Well, it’s been Catalog Week at our house, with a whole great big bunch of yarn catalogs rolling in – always fun, always inspiring! I was leafing through one of two Herrschner’s catalogs (they have a Yarn Shoppe one, and a general crafts one, this was the general crafts), and I saw this:

the verbage said, “your guests might think they’re dining in Italy”…. or a crazy person’s house! If I had guests over, I sure as hell wouldn’t be putting a big-ass fake bird on the table to distract them from all the hard work I spent embroidering a table runner! It was definitely a “what-the-hell” moment.

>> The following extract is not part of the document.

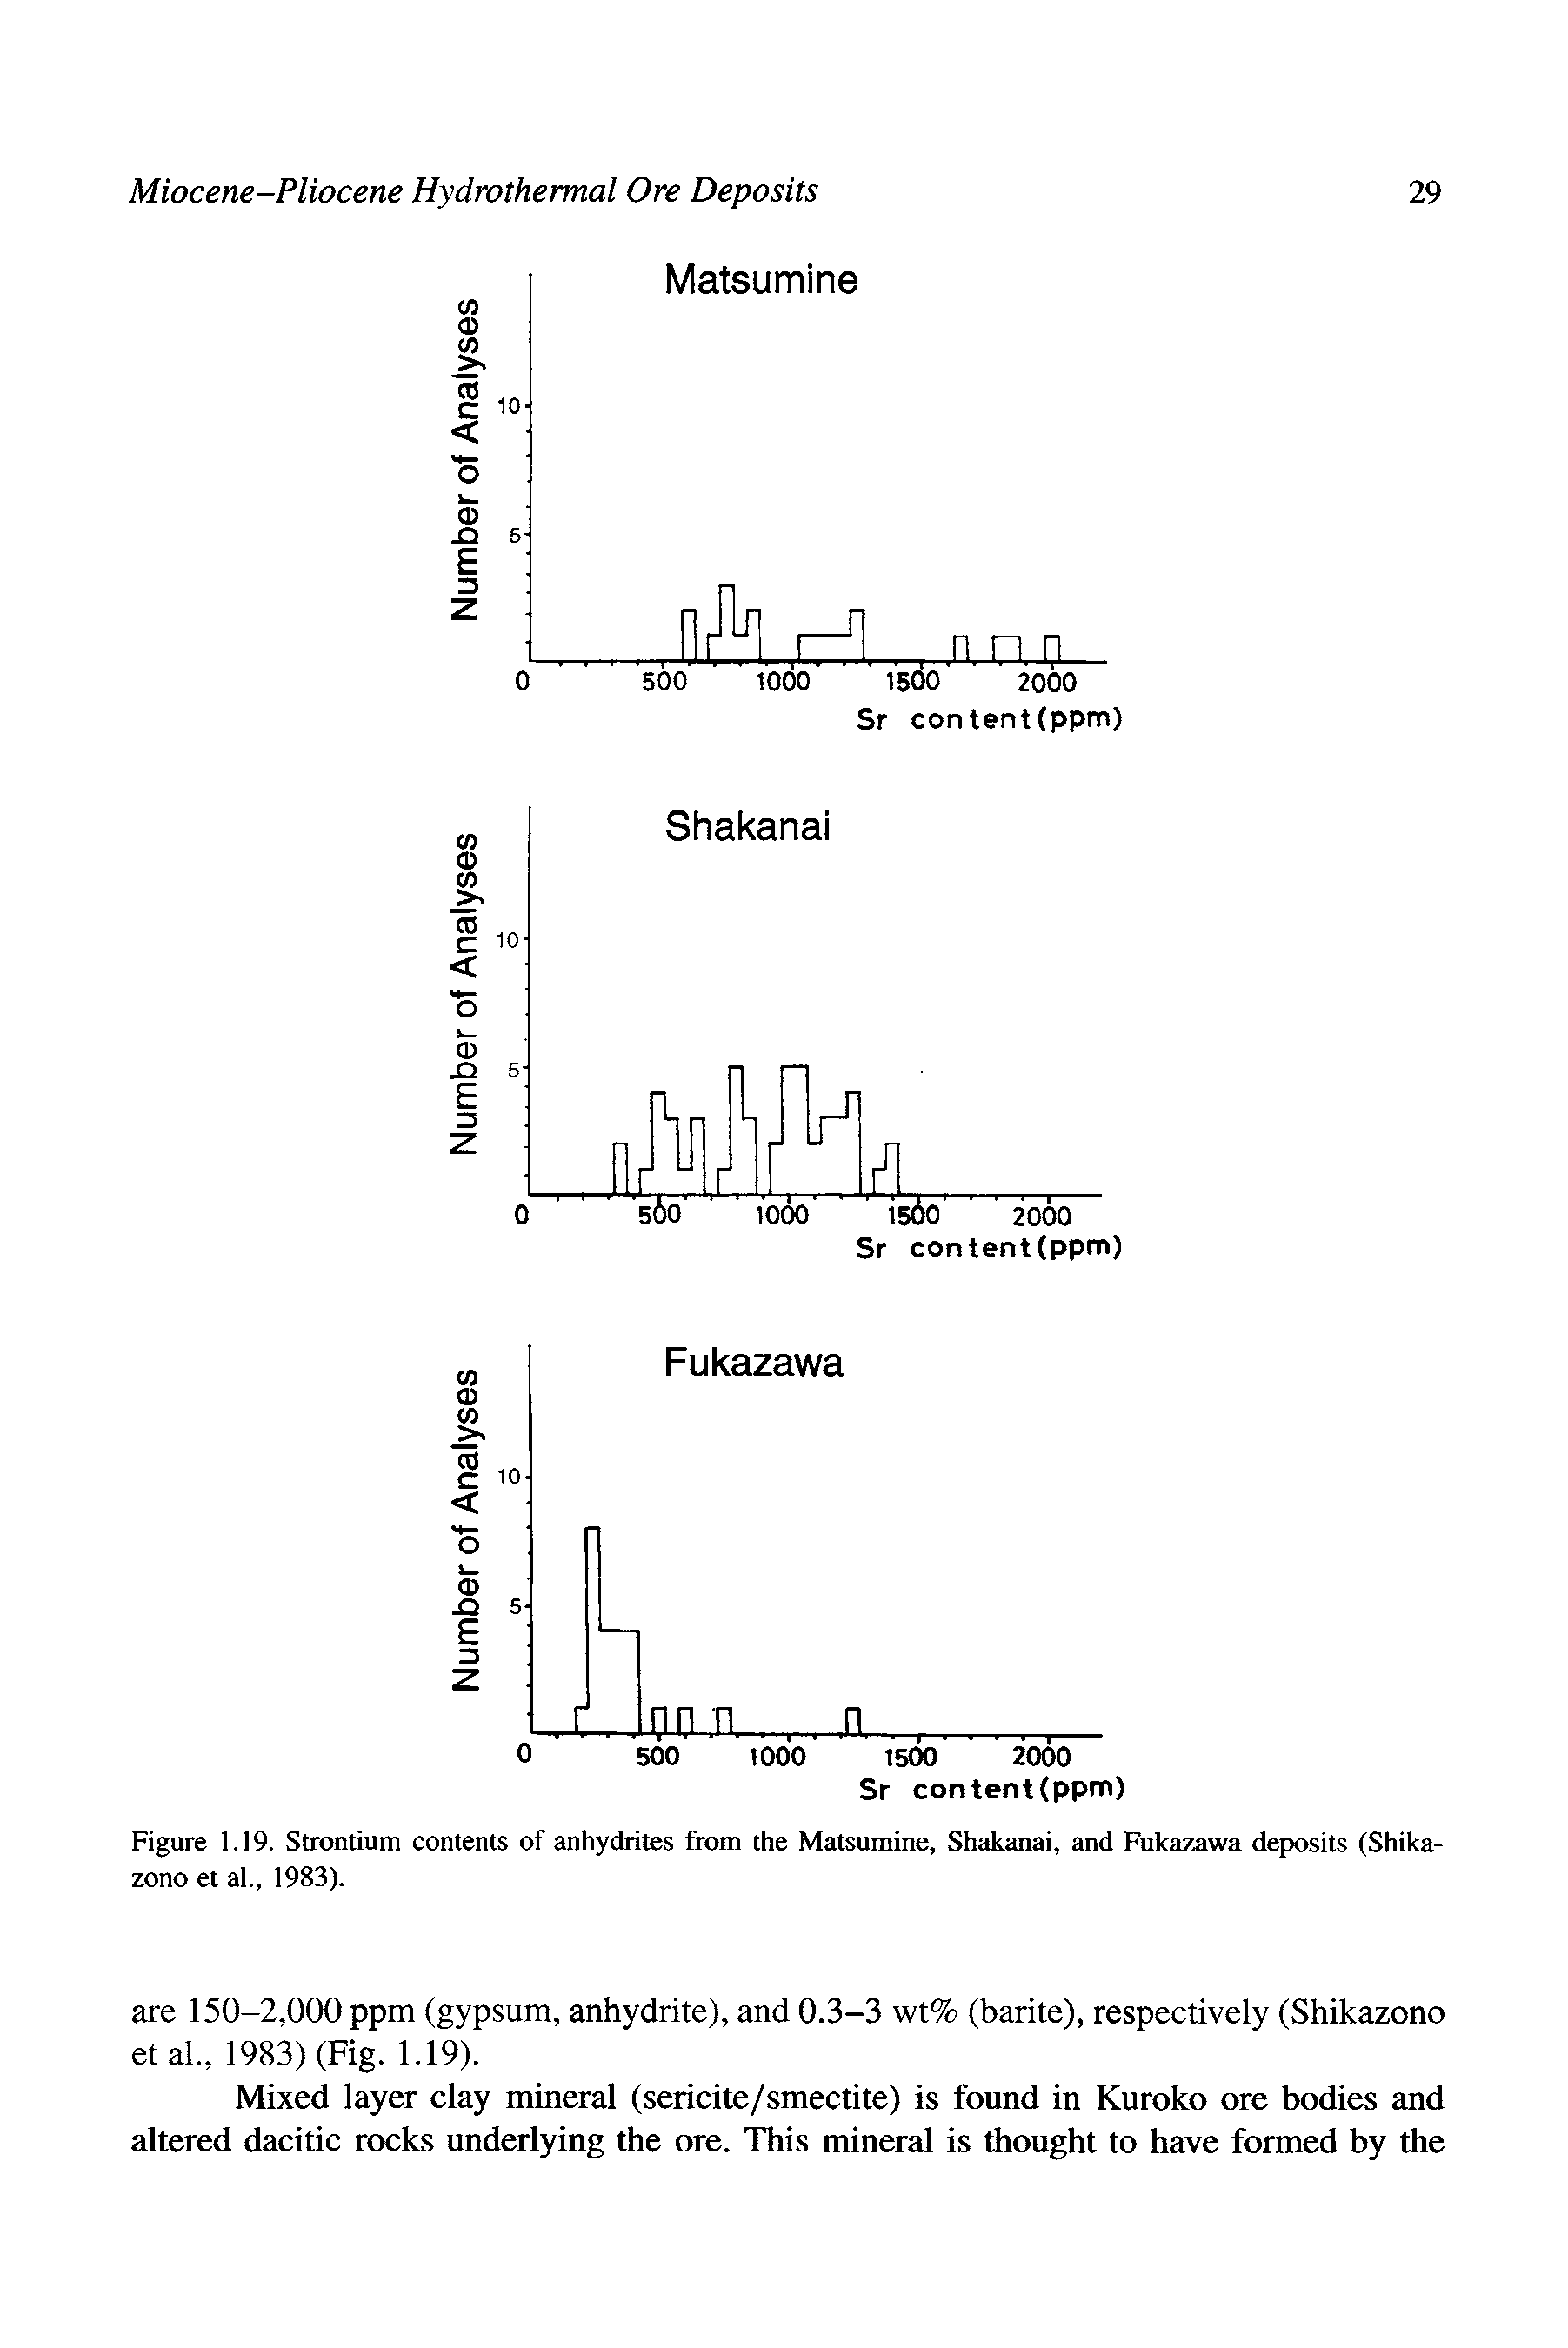 Figure 1.19. Strontium contents of anhydrites from the Matsumine, Shakanai, and Fukazawa deposits (Shika-zono et al., 1983).

Knitting Update: I am running out of yarn for the felted door mitten so I’m getting another skein tonight. I also realized (DUH!) that I can take in the one I made LAST year to the Yarn Shop for display, and I don’t need to cramp my hands trying to speed knit this thing done. My hot pink Fizz mittens are drying as I type; they are SO FUN. I want to make two more pairs, one bright red, one bright yellow, and then have two pairs of one-red-one-yellow for Chiefs games, and I know I’d be able to sell the other pair, or make somebody reeeally overwhelmed by the gift! I say this like I’m going to so many games. I only luck into going, but still. The games are so fun, and who knows, maybe we’ll just go out and tailgate. I look like a lunatic at those games with my enormous faux fur bright red coat, people think I bought it just for the game? Nope, that’s all me folks, spot the bright red chick. I think it’s better than the women who spend BIG money on those Alaskan fur coats that are Chiefs colors, sheared & shaped & have football numbers on the back – ay yi yi, if you have that much money to be ridiculous with, throw some at me, I’ll dance for ya, or even make you some stunning mittens!
Can’t wait for the weekend. A three-day weekend, filled with camping with my best gay friends and my husband, this should be hilarious. Hubby is already shaking his head at our elaborate menu. Whatever Mister, you’ll be happy eating homemade pancakes!